On a changé de quartier. Après dix ans passés à la Puerta de la Carne, dans le tremblement des autocars de la gare routière et les nappes entêtantes des jasmins du coral de l'avenida de Cadiz, on se retrouve réfugiés dans l'entrelacs des ruelles piétonnes du quartier de San Pablo. Silence. Tranquilles. Dans un nouveau territoire, la première inquiétude concerne toujours la presse, puis le petit déjeuner. Impensable de renoncer à la lecture du journal devant l'orange pressée et la demi-tartine jambon-huile du matin. Un régime est un régime. Ce matin, sous la tiède pluie entêtante, j'ai testé la "Abaceria JM", juste en face de l'église de la Magdalena. Un bar de quartier, à côté d'un kiosque à journaux et à friandises de quartier. Très bonne pioche : le jambon fond, l'huile est parfumée, le café pointu et l'orange ronde. 4 euros 20. J'ai trouvé mon spot du matin !
IMG_6265Pour le reste (les livres), que mes amis, à qui j'impose depuis des années à Séville un détour place des Terceros, par mon bouquiniste favori, sachent qu'il en existe un autre, à cinquante mètres juste au début de la calle Sol, et que ça fait onze ans que je passe devant sans le voir. Comme quoi, quand on prétend tracer la route le nez en l'air, on n'est jamais au bout de ses découvertes. J'y ai trouvé hier matin les mémoires ("Memorias... casi de memoria") de Juan Cortes Salido, journaliste taurin pendant 43 ans, impresario pendant 30 (il dirigea longtemps les arènes de Malaga), et franquiste de toute la vie. Juan Cortes Salido est du genre à commencer un chapitre par ces mots "Malgré tout ce qui se dit et s'écrit sur la dictature, une chose est sûre : elle a été accueillie avec jubilation dans toute l'Espagne..." Bref, une belle lecture d'entre deux tours...
A une heure quinze, l'hôtel Colon accueille chaque jour dans ses salons modernes, luxueux et laids, un "apéritif taurin" qui rassemble un torero, un journaliste, et une personnalité accréditée. Aujourd'hui, le torero était Emilio de Justo, le journaliste Alvaro Acevedo ("Les taurins qui aujourd'hui dirigent les affaires de la fiesta des toros sont les pires que j'ai jamais connu. À Séville, le Président de la corrida, l'empresa, les toreros, ont permis hier que soit lidiée une corrida scandaleuse, indéfendable pour cette arène") et la personnalité notre philosophe en chef Francis Wolff ("On n'a jamais vu, dans aucune arène au monde, une corrida refusée pour excès de poids ou de volume..."). Quand on arrivait à entendre ce qui se disait, c'était assez intéressant. Mais les sévillans sont toujours aussi mal élevés, qui ont du respect commun une définition transparente...

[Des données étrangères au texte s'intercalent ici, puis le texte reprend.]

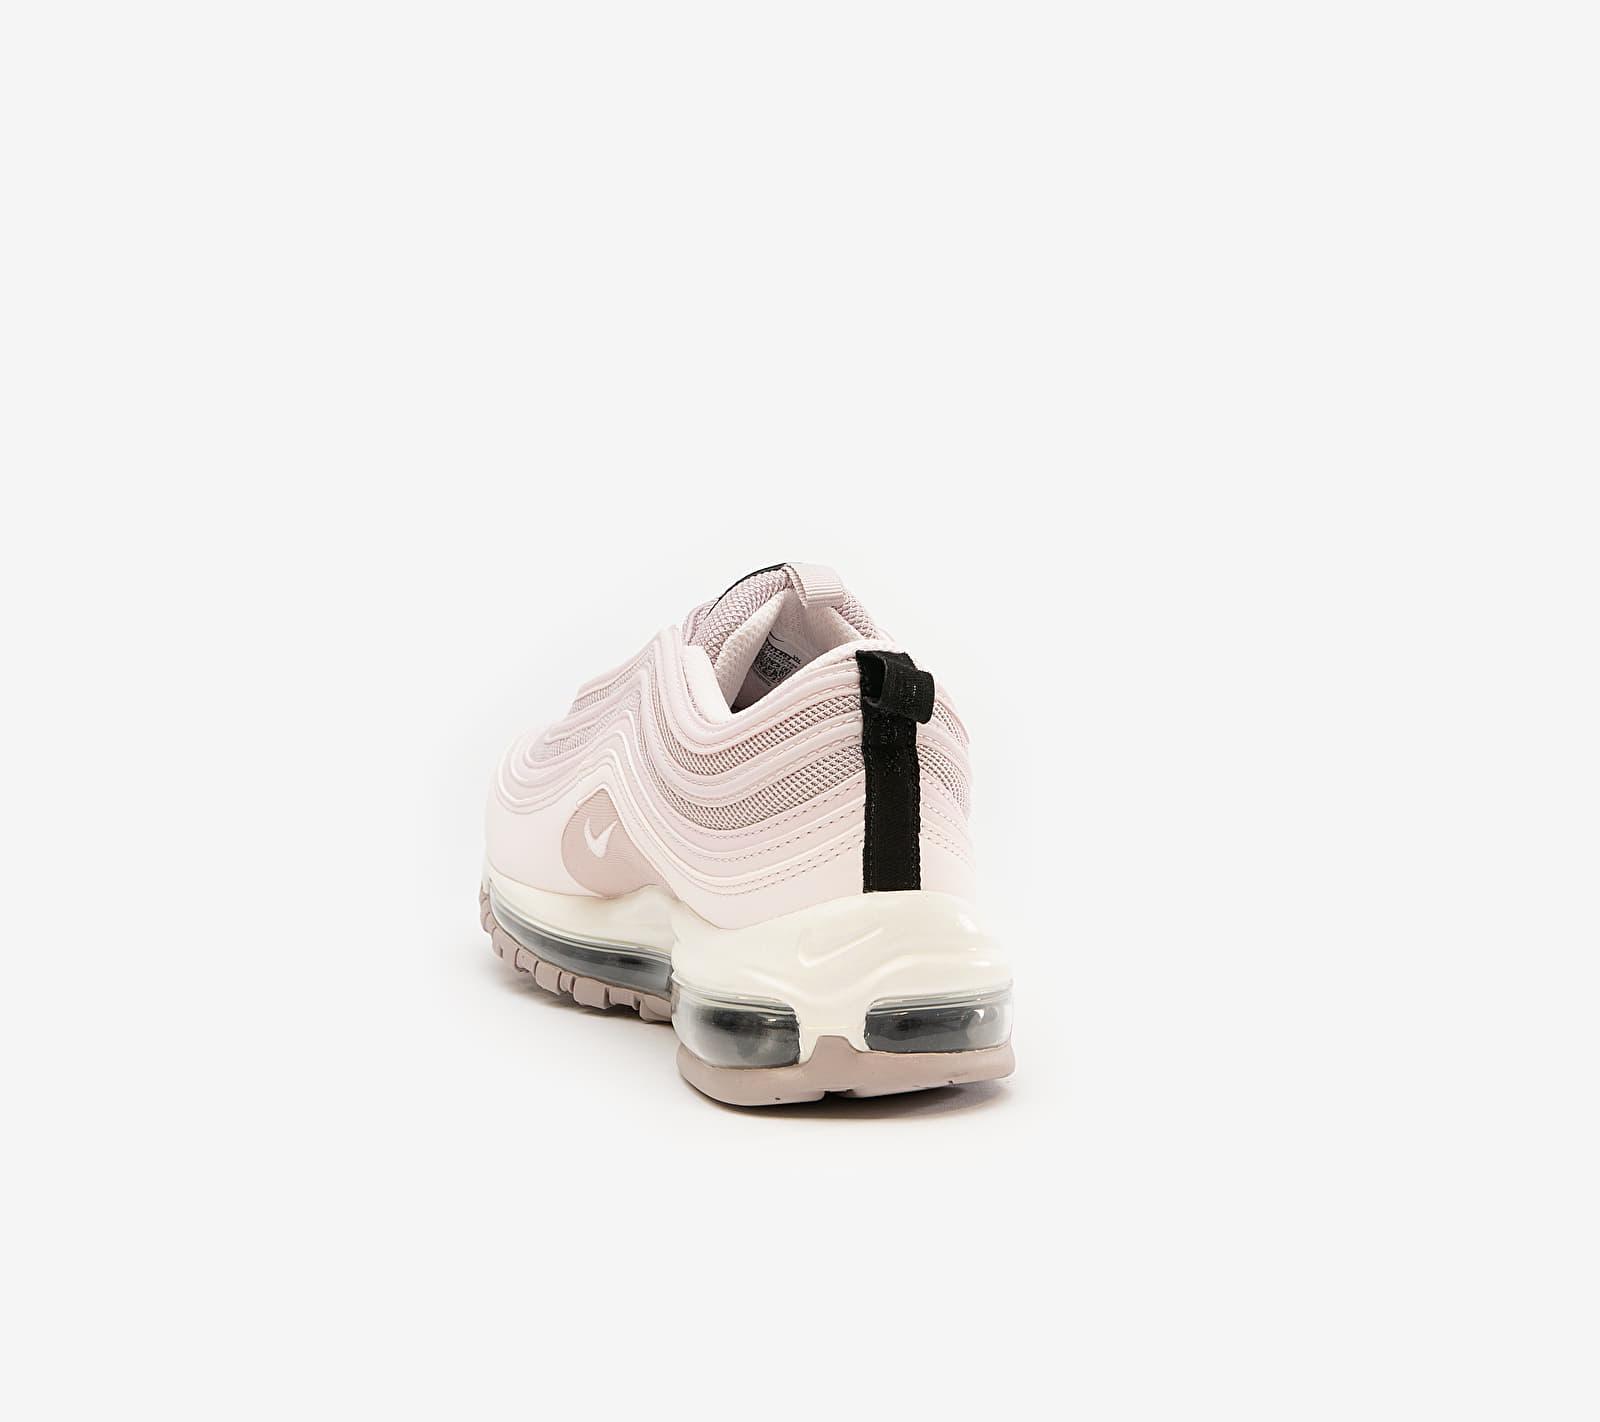 Air Max 97 Zapatillas Nike de color Rosa
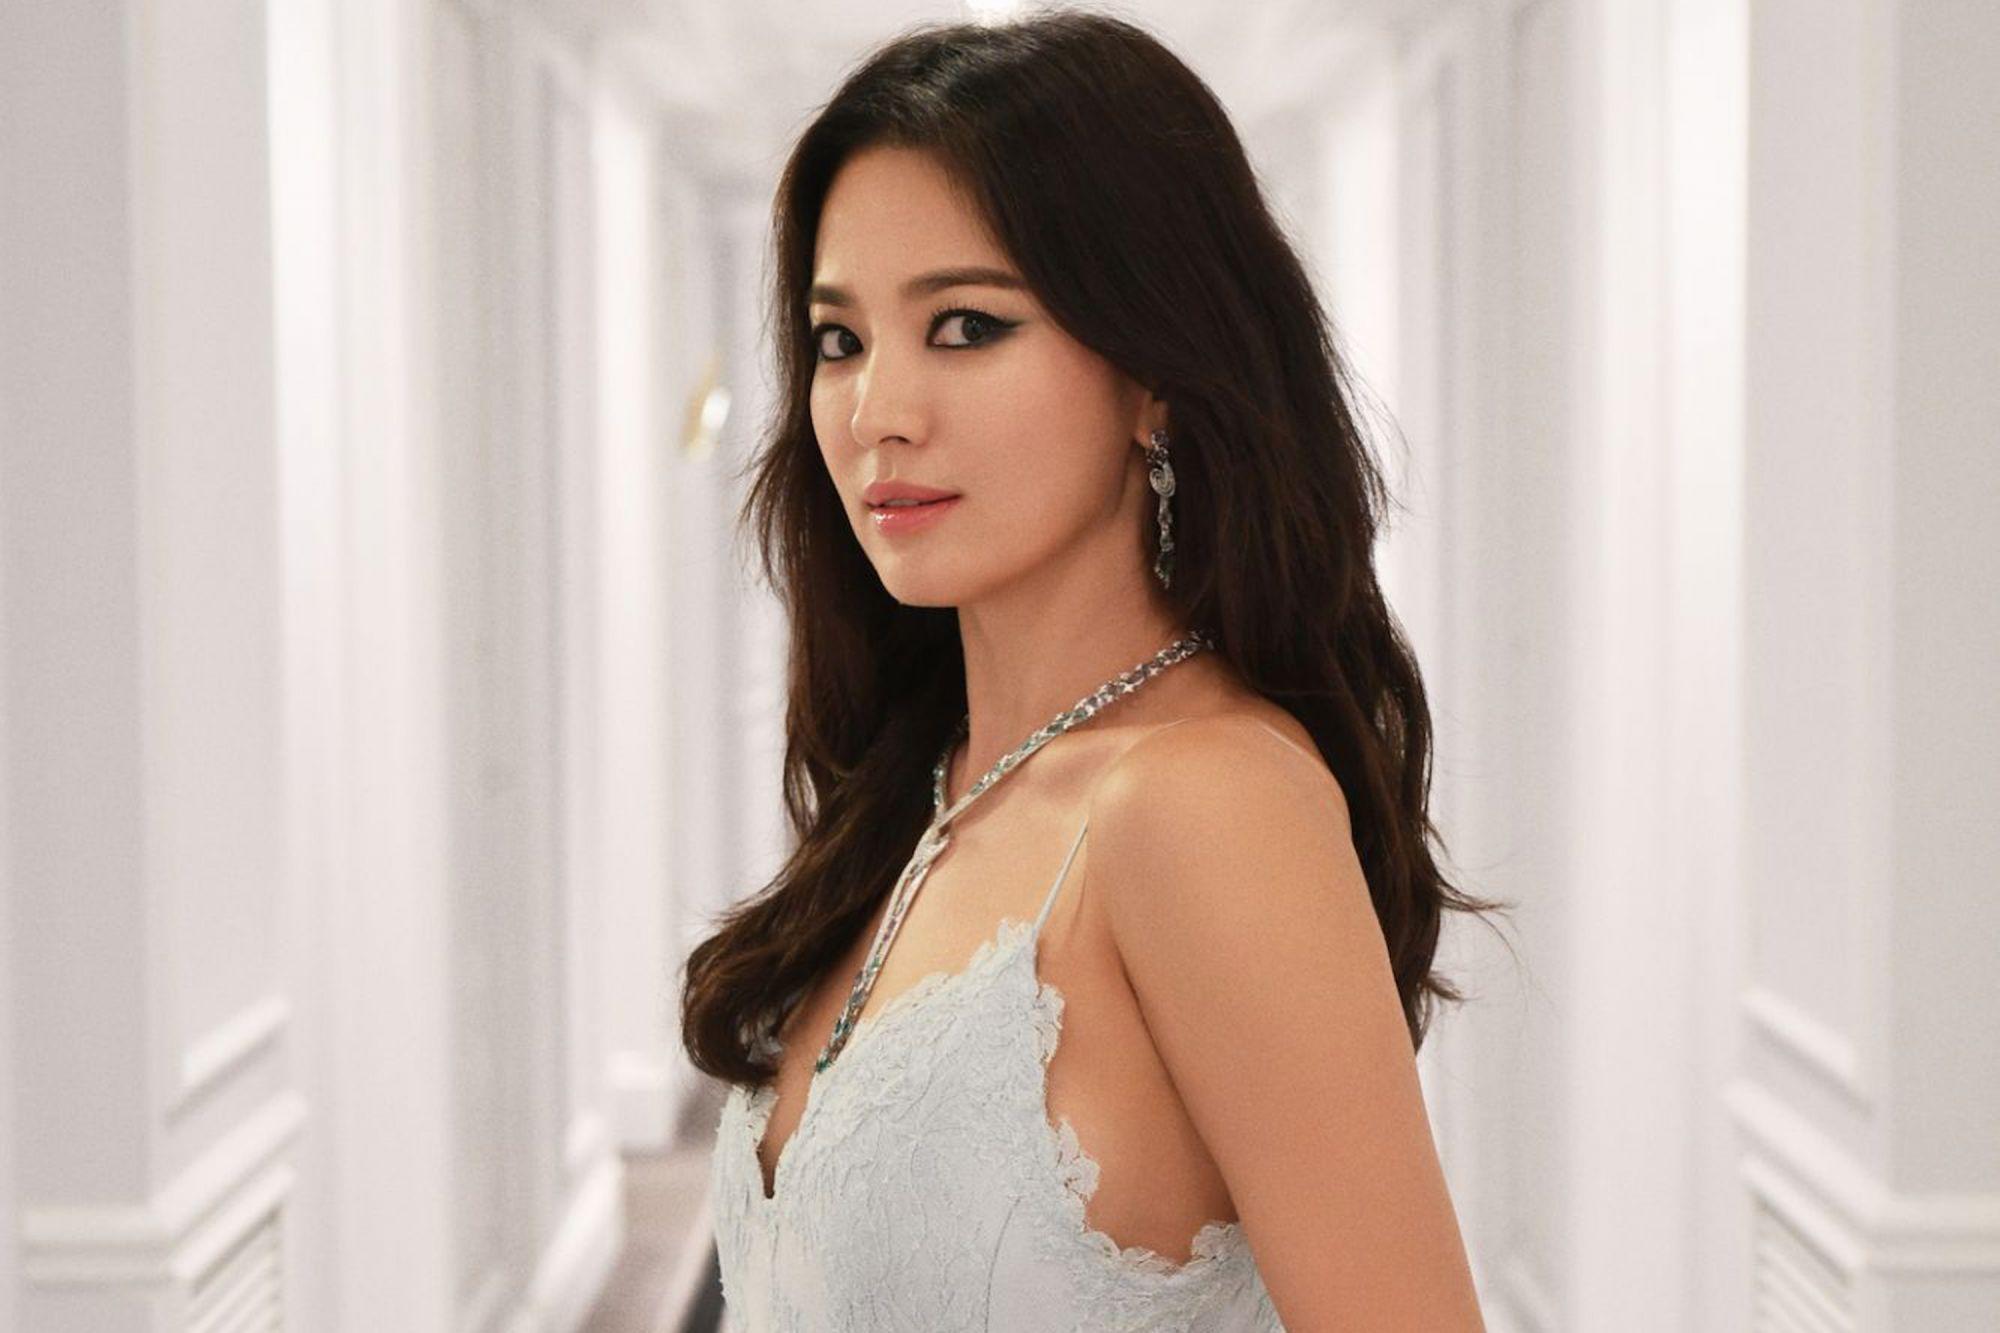 「我需要多留一點時間給自己......」細數韓國女星宋慧喬的過去、現在與未來

Le dernier numéro de "Cuaderno de Tauromaquia", la remarquable revue d'Alvaro Acevedo...

Le dernier numéro de "Cuaderno de Tauromaquia", la remarquable revue d'Alvaro Acevedo...

La fameuse bâche qui recouvre depuis quelques années, les jours de pluie, le sable des arènes de la Maestranza de Séville, et qui est presqu'aussi photographiée que le clocher de la cathédrale, pèse près de trois tonnes. On s'en fout. À 17h50 précises, Elle était pliée en douze dans les souterrains de l'arène.

"Ça serait bien que ce soit mieux". En s'asseyant sur les gradins des arènes, un peu avant six heures trente, et en se remémorant la corrida d'hier, cartel étoile du cycle qui déçut les aficionados, on se disait ça : ça serait bien que ce soit mieux... C'était aujourd'hui le second rendez-vous des vedettes, avec Enrique Ponce et Jose Mari Manzanares en tête de gondole. Les gondoles, justement :
"Con lo que esta cayendo !" Vu ce qui tombe... est la phrase qu'on entend le plus souvent à Séville depuis vingt-quatre heures. La pluie fine, en averses soudaines ou continues, vient jeter sur la fête comme un vent coulis désagréable. Un air de Hénin-Beaumont...
En tauromachie, on en conviendra, tout est répétition. D'où vient alors que cette tauromachie de lenteur épuisée, dans laquelle excellent Ponce et Manzanares, et qu'ils déplient comme des petits mouchoirs brodés chaque fois que des toros à bout de souffle les laissent faire, a de plus en plus de mal à me bouger les tripes ? Dominer la faiblesse, est-ce vraiment devenue la perfection tauromachique ? Ou alors c'est moi : trop de soucis. Après tout, il faudrait peut-être éviter d'organiser des Férias entre les deux tours des élections présidentielles... Bien sûr, il y a encore des gestes. Comme l'estocade a recibir de Manzanares à son premier adversaire. Ou la cape de Ponce. Ou le solo de trompette après sa vuelta. Six toros, deux oreilles. Et presque rien.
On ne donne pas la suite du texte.